It is a figure explaining a lentivirus vector system. It is a figure explaining three types of vector plasmids among four types of plasmids contained in the system shown in FIG. FIG. 6 shows the measured values of IDS enzyme activity in serum, cerebellum, cerebrum, heart, liver, spleen after 6 months of gene therapy. FIG. 8 shows the measured values of GAG accumulation in cerebellum, cerebrum, heart, liver, spleen after 6 months of gene therapy.

Hereinafter, embodiments of the present invention will be specifically described with reference to the accompanying drawings, which are for the purpose of facilitating the understanding of the principle of the present invention, and the scope of the present invention is as follows: The present invention is not limited to the embodiment, and other embodiments in which a person skilled in the art appropriately replaces the configuration of the following embodiments are also included in the scope of the present invention.
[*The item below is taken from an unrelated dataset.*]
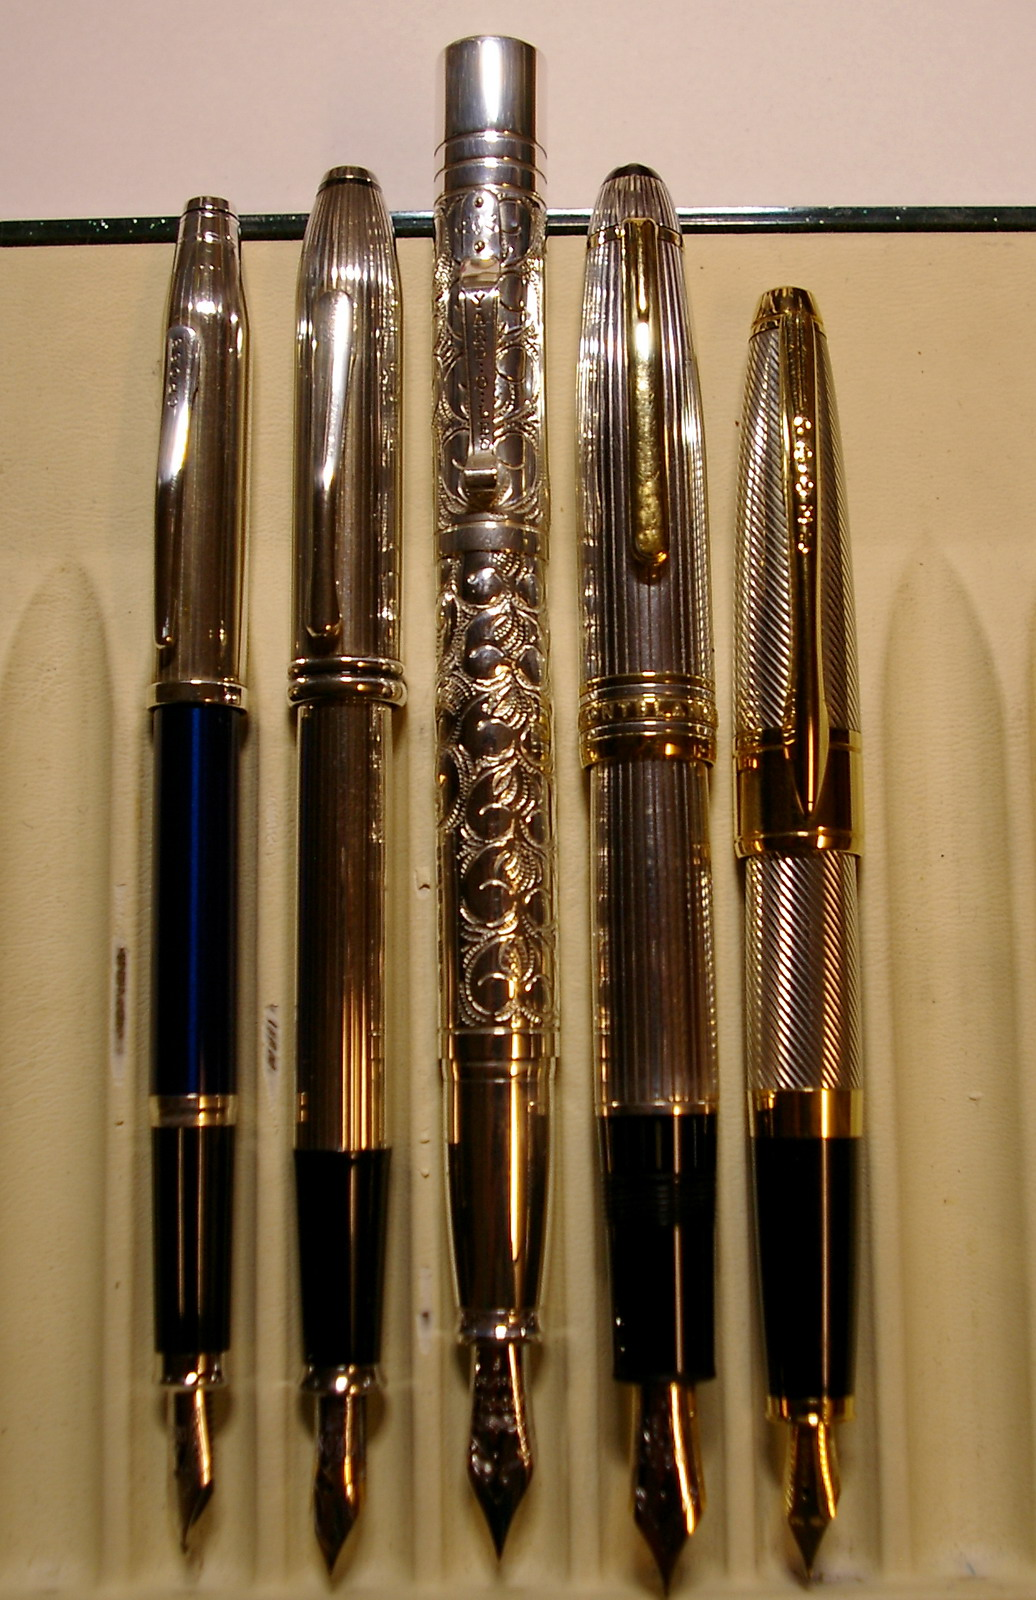 fpn_1496008058__silver_pens_2.jpg

  The lentiviral vector system according to the present invention has the vector plasmid, the packaging plasmid, the Rev plasmid, and the VSV-G envelope plasmid according to the present invention as described in FIG. The state in which these are integrated to infect cells and integrate into the genome is called a provirus.

  A method of making lentiviral vectors is described. First, the HIV-1 proviral genome is divided into four plasmids: vector, packaging, Rev, and envelope (FIG. 1).
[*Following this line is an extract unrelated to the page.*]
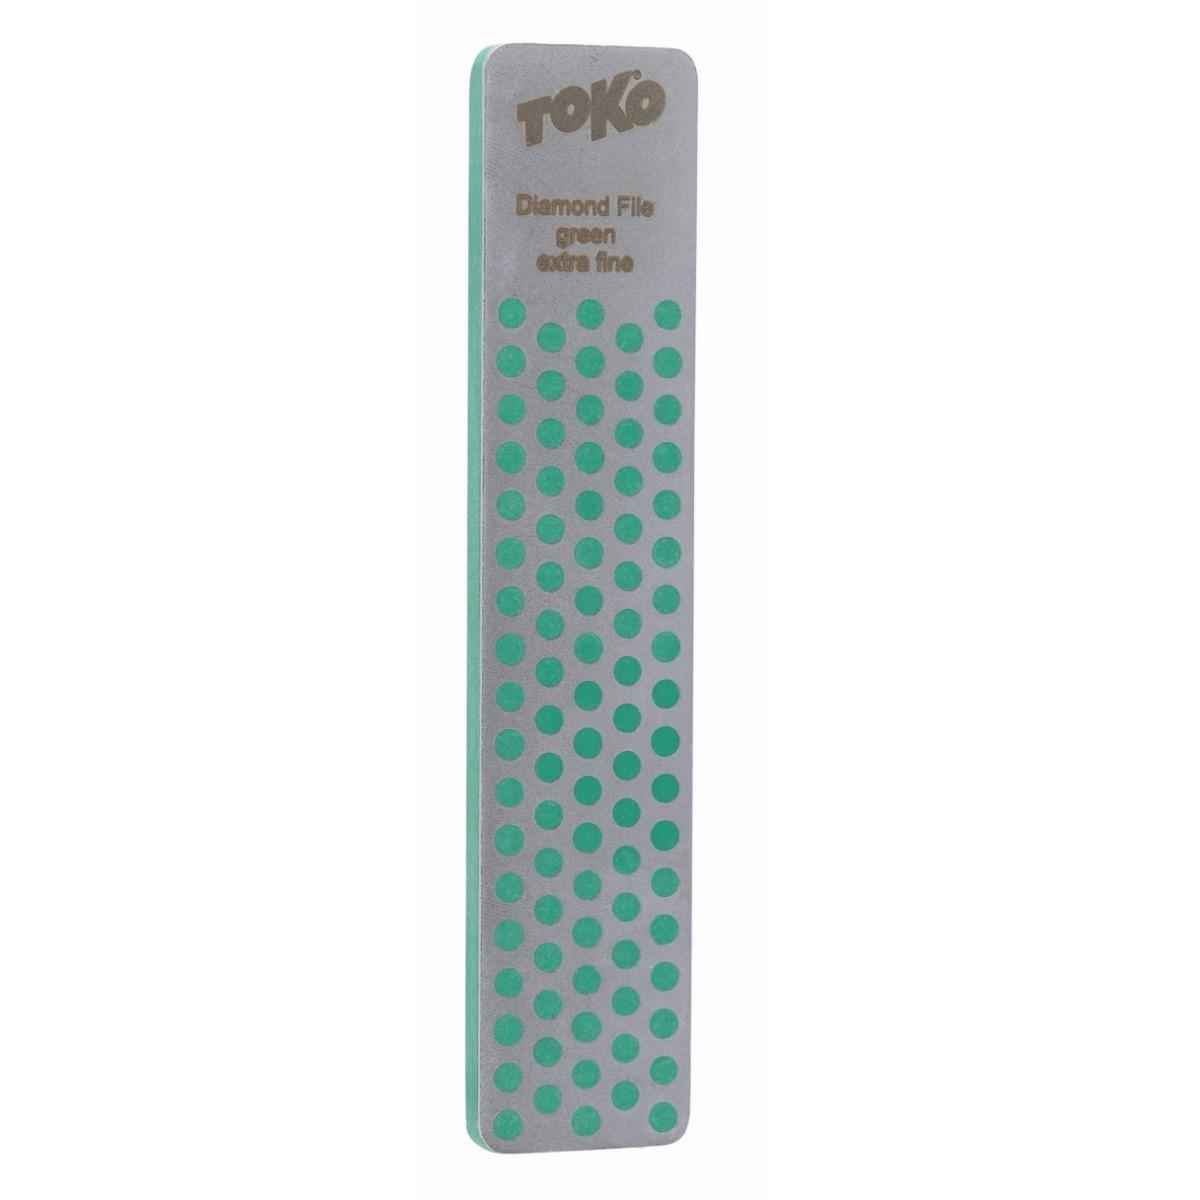 TOKO DMT DIAMOND FILE GREEN (Toko)TOKO DMT DIAMOND FILE GREEN (Toko)

  The packaging plasmid encodes viral genes other than the envelope and supplies in trans the protein for producing viral particles. The modified genes (vif, fpr, vpu, nef) are deleted as the modified gene product is not required for infection of non-dividing cells. Since the modified gene product is not essential but important for HIV-1 replication and is closely related to HIV-1 virulence, deletion increases safety. Moreover, since tat is essential for HIV-1 replication, deleting tat from the packaging plasmid further enhances safety. Since the packaging plasmid does not have a packaging signal (RNA), RNA transcribed from this plasmid is not incorporated into viral particles.

  Rev acts on post-transcriptional RNA, and structural proteins are translated by selectively transporting unspliced mRNA out of the nucleus. In the third generation, the packaging plasmid is a separate plasmid.
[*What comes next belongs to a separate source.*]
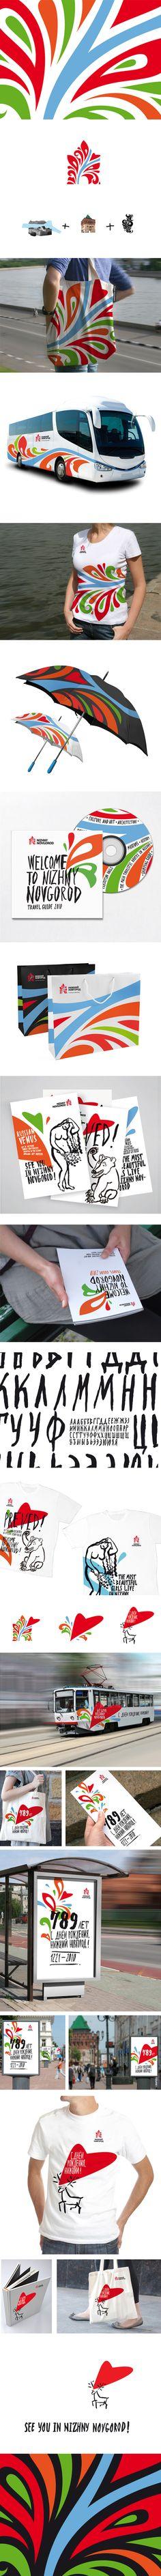 Identity for Nizhny Novgorod, Russia, developed at the British High School of Design by Masha Ponomareva #packaging #branding #marketing (sample)

  Since the envelope plasmid can only infect CD4 positive cells with the HIV-1 envelope, VSV-G (vesicular stomatitis virus G gylcoprotein) is used to extend the host range. The receptor for VSV-G is considered to be a phospholipid, and by using VSV-G as an envelope, membrane fusion between viral particles and cells occurs independently of the receptor on the cell surface. Therefore, basically, it can be infected regardless of animal species or cytomas. Also, VSV-G is physically strong, and it is possible to easily concentrate virus particles by ultracentrifugation.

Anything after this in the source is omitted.